Интересно, думала она, не способствует ли манера Тироша говорить созданию определенного имиджа? Может, он полагает, что другого способа коммуникации просто не существует? В особенности забавно у него сочетание высокопарной речи и ашкеназийского произношения.

— Какая разница? — возражал Тувье. — Почему вас волнуют такие глупости? Главное, что он — великий поэт, что он обладает образованием и знаниями, каких ни у кого из нас нет. Он лучший учитель из всех, какие у меня были, обладающий прекрасной способностью отличать плохое от хорошего. Допустим, у него есть потребность превращать свое имя в легенду, что вам до этого?

Так говорил тогда Тувье со свойственной ему прямотой и бескомпромиссностью.

Тувье в то время обожал Тироша до такой степени, что полностью ему доверился. Стал вхож в его дом.

— Да, да, я не отрицаю, но ведь есть и другое, — сказал Аронович. — Невыносимо видеть, как заискивают перед ним, увиваются вокруг него люди, как завораживает его дутое обаяние. Да, действительно, — с глубоким вздохом добавил он, — Тирош отличает хорошие стихи от плохих. Он действительно духовный отец молодых поэтов. Однако лишь в том случае, когда они ему нравятся. А если кто ему не нравится — да хранит его Господь от Тироша. Если он зачисляет какого-нибудь поэта в «середнячки» — тому остается лишь надеть траур и искать счастья в другой области. Однажды я был свидетелем того, как он припечатал одного несчастного стихотворца, причем сделал это с каменным лицом. «Вы не поэт и, судя во всему, никогда им не будете», — сказал ему Тирош. Так вот я и спрашиваю, господа, — по какому праву? Он что, пророк?

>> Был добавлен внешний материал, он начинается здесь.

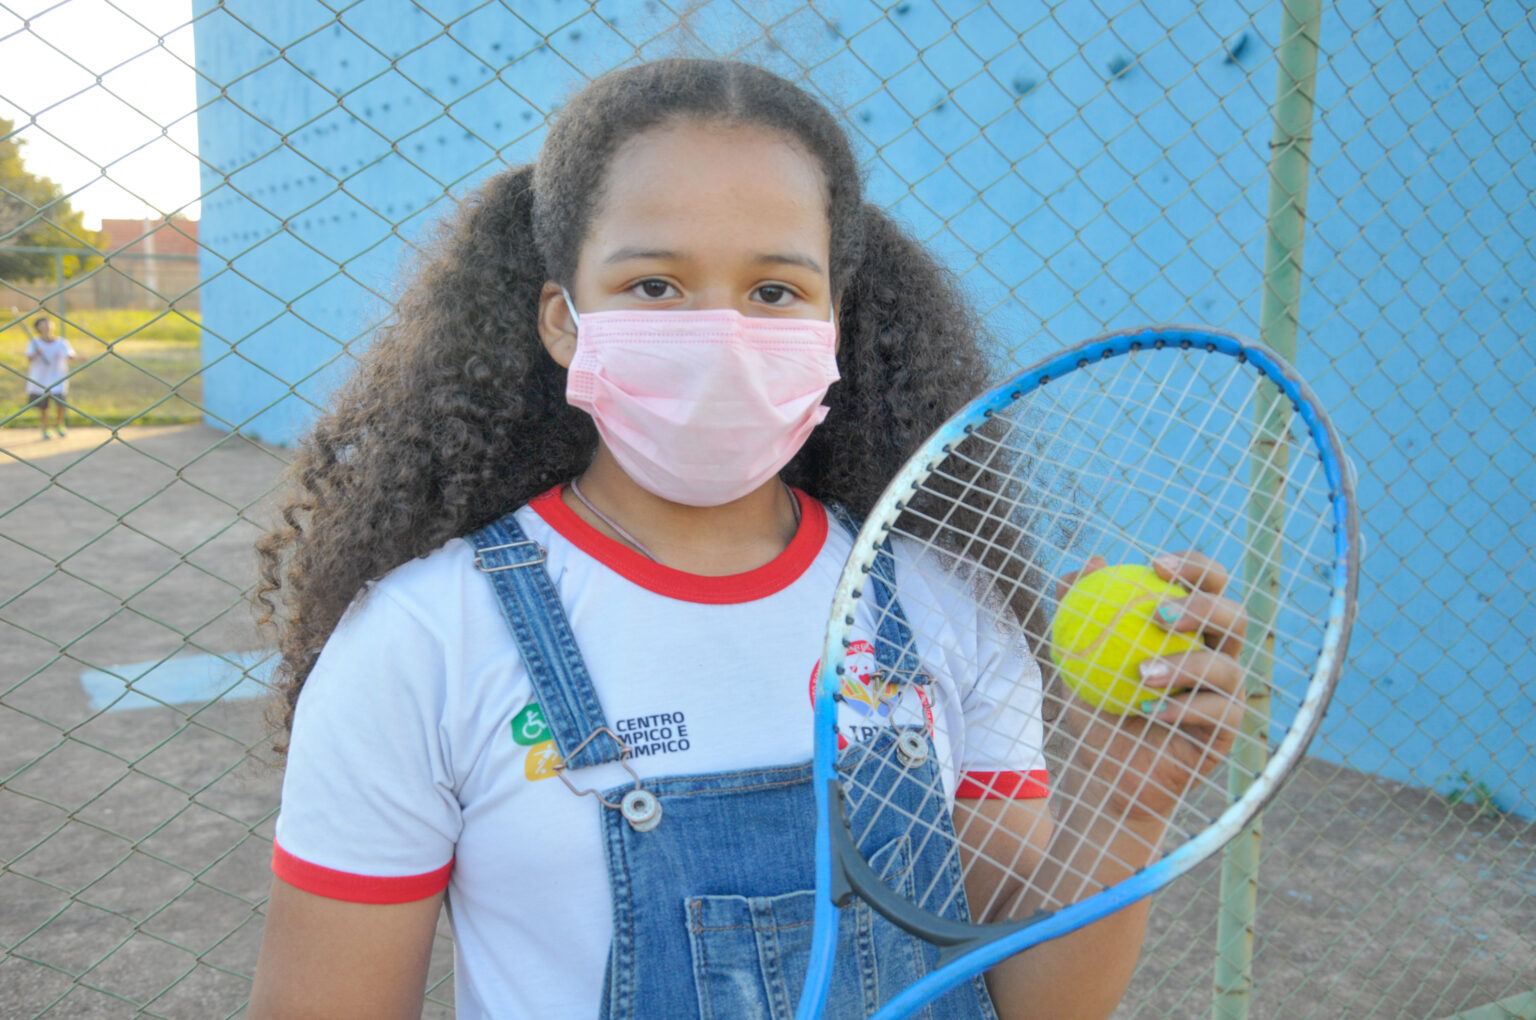 Crianças descobrem uma nova paixão esportiva na Estrutural, o tênis. (Foto: agencia brasília)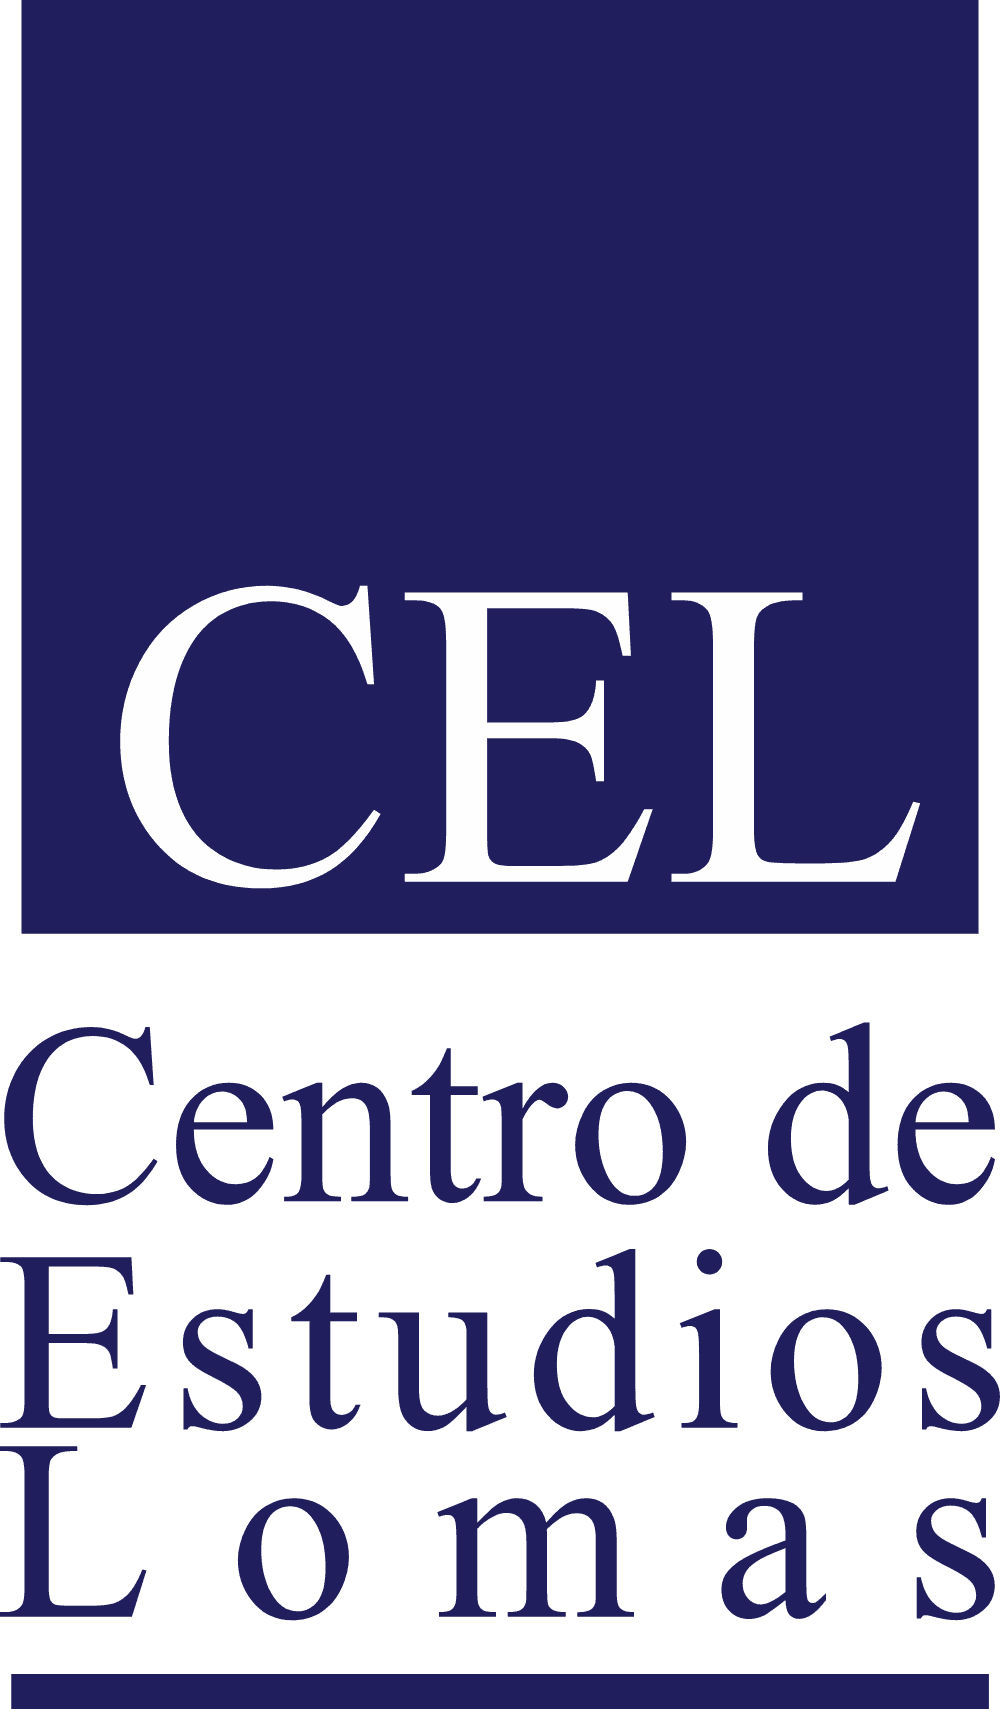 CEL Logo download

И тут, обращаясь к Тувье, Аронович заорал так, что капелька слюны долетела до Рухамы:

— Вы ни за что не догадаетесь, кому он это говорил!

И назвал имя довольно известного поэта, стихи которого никогда не волновали Тувье.

— А историю с сонетом вы слышали? — Аронович не ждал ответа, его просто невозможно было остановить. — После выхода первой книги Ехезкиэля тому организовали презентацию в подвальчике театра «Габима» в Тель-Авиве. Читали его стихи, говорили речи, потом все потащились в модное кафе. Так вот, господин, о котором мы говорим, предмет вашего обожания, Тирош тоже пошел туда. Ехезкиэль был просто счастлив.

И тут наш общий друг Тирош прочел вслух сонет Ехезкиэля, улыбнулся своей знаменитой улыбкой и заявил, что за рюмку коньяку он готов не сходя с места написать совершенный сонет — вот как этот, за пять минут. Люди вокруг заулыбались, и он действительно написал, но не за пять минут, а за две — два сонета по всем правилам, и все признали, что они ничуть не хуже стихов Ехезкиэля. Представляете? И ради чего? Чтобы удивить тех, кого он называет «поэтишки».